Мефодий собрался уходить лишь к обеду, когда солнце поднялось высоко над головой. Вождь венгров подарил ему золотую чашу и перстень в знак дружбы. Разговор, состоявшийся при посредничестве Наума, привел вождя венгров в доброе расположение духа. Мефодий рассказал ему о поездке в Таврию, где он и его брат Константин беседовали еще с одним вождем венгров.

– Ты сможешь узнать его, если снова увидишь? – спросил под конец человек с соколами на плече.

– Если меня не обманывают глаза и память, он очень похож на тебя...

– Это и был я! – сказал венгр, попрощался, взлетел о седло, и вся орда поскакала обратно.

Наума очень удивило, что венгры понимают язык болгар, тот старый язык, на котором продолжали говорить лишь в некоторых знатных домах. В их семье только мать знала этот язык. Онегавон пользовался славяно-болгарским. Но мать, лаская сына, всегда говорила на старом языке.
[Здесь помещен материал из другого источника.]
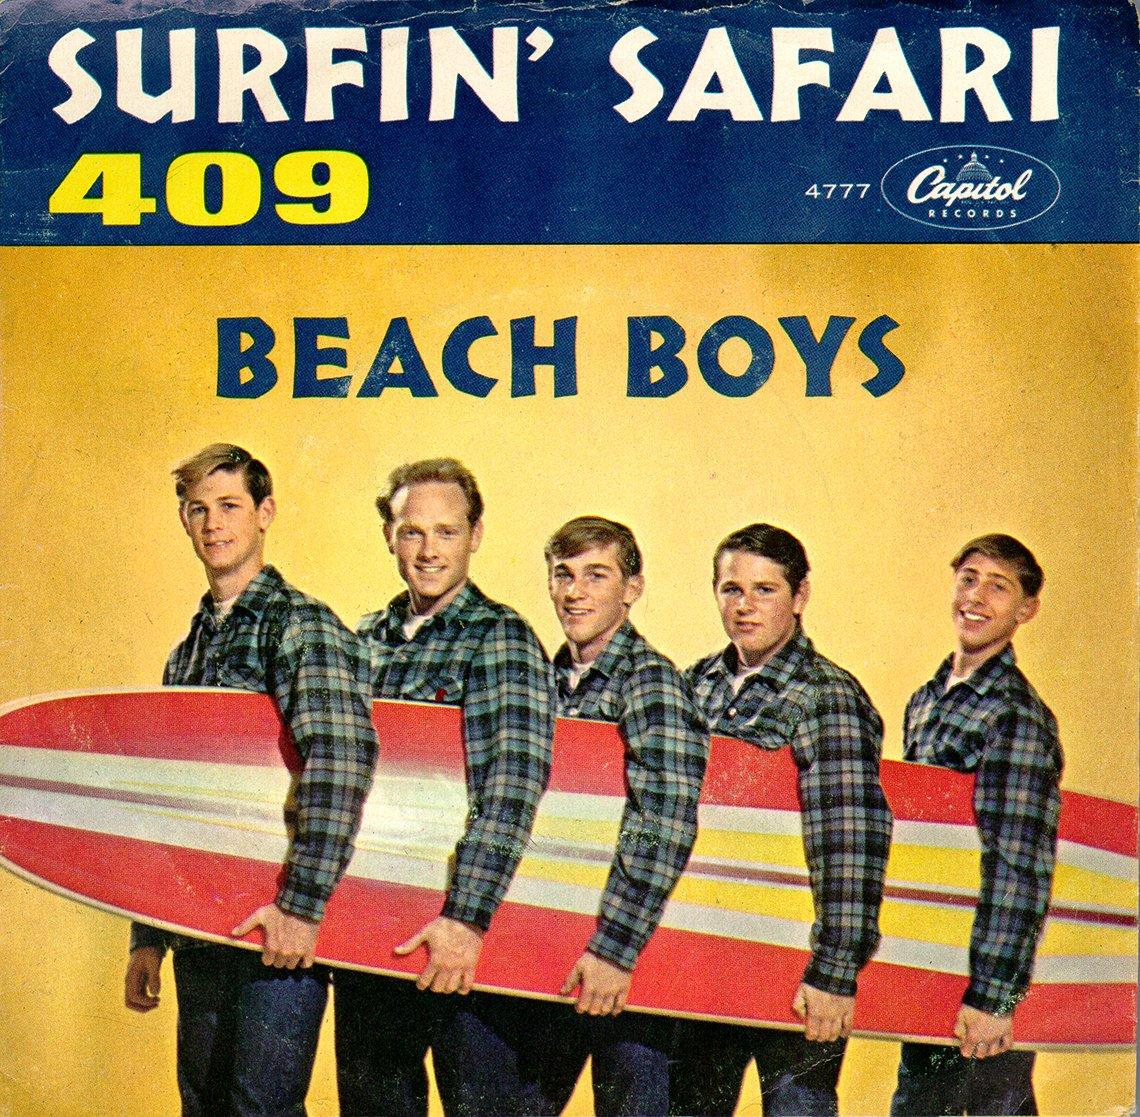 The album cover for The Beach Boys Surfin Safari record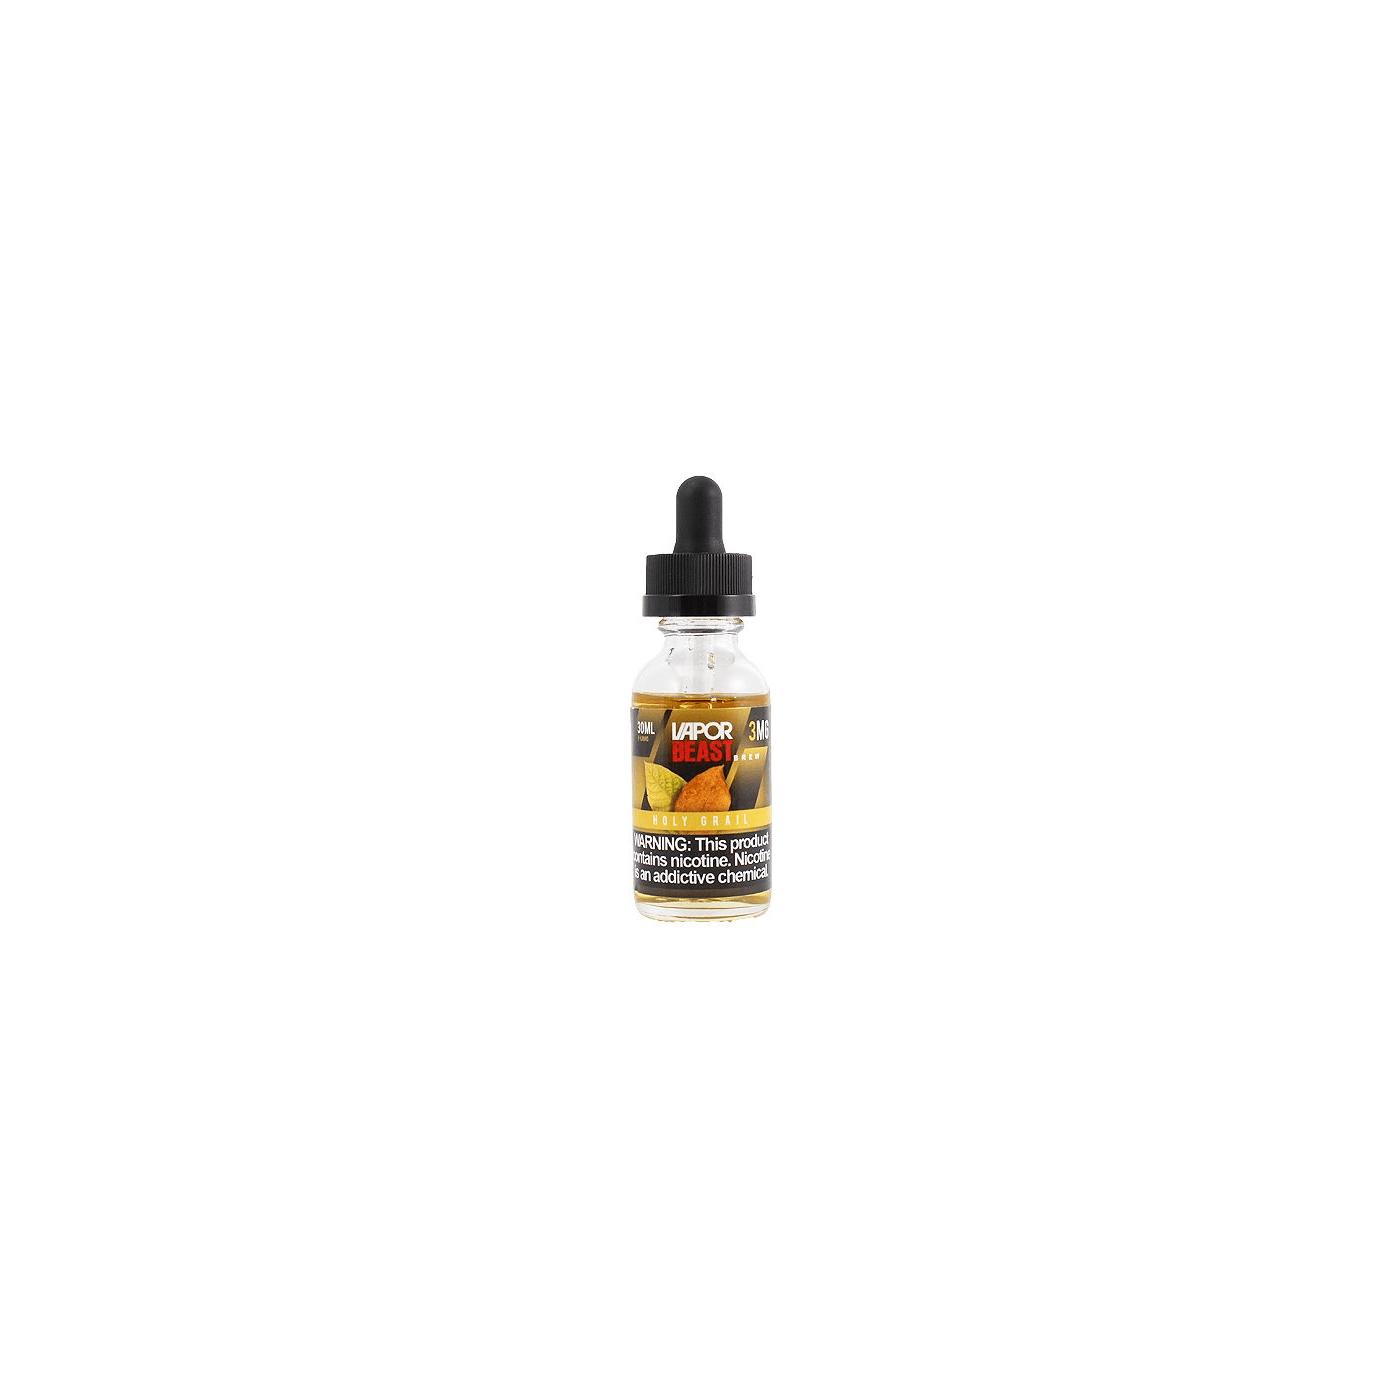 Beast Brew Holy Grail RY4 Sweet Tobacco V2

Пока они спускались с холма, Мефодий с радостью поглядывал на стройного смуглоликого дьякона. Вот какие люди взялись за их с братом дело – люди, которые удивляют его своими способностями на каждом шагу!

Ладья ждала их, готовая к отплытию.

Мефодия вошел в нее, сел на деревянную скамью, и взгляд его устремился вперед, по течению реки. Гребцы ваялись за весла, и вода большой реки понесла ладью к землям болгар.

5

Фотий поднимался по лестнице патриаршего дворца с таким чувством, с каким возвращаются в родной дом. Остановившись на широкой площадке, он посмотрел на расписной потолок. В углу в искусно натянутой паутине покачивались несколько высосанных мух, а неподалеку устроился ткач и владелец ловчей сети. Из-за этого паука у Фотия возникло ощущение, что кто-то за ним следит. Он приказал двум сопровождавшим синкеллам убрать незваного гостя и уверенно взялся за дверную ручку патриаршего кабинета. Дверь оказалась заперта. Новый хозяин процедил сквозь зубы:

– Кое-кому, видно, не по вкусу мое возвращение!

Сопровождающие не поняли, кого он имеет в виду, но смутились. Младший из них, сын патрикия Константина, бегом спустился вниз. Через мгновение на лестнице показалась мятая камилавка слуги. Связка ключей дрожала в его руке, ключ не попадал в скважину. Фотий не удержался, выхватил ключ и сам открыл дверь. В кабинете ничего не прибавилось и ничего не убавилось, если не считать красивой чернильницы с орлами, которую сам Фотий еще тогда успел прибрать.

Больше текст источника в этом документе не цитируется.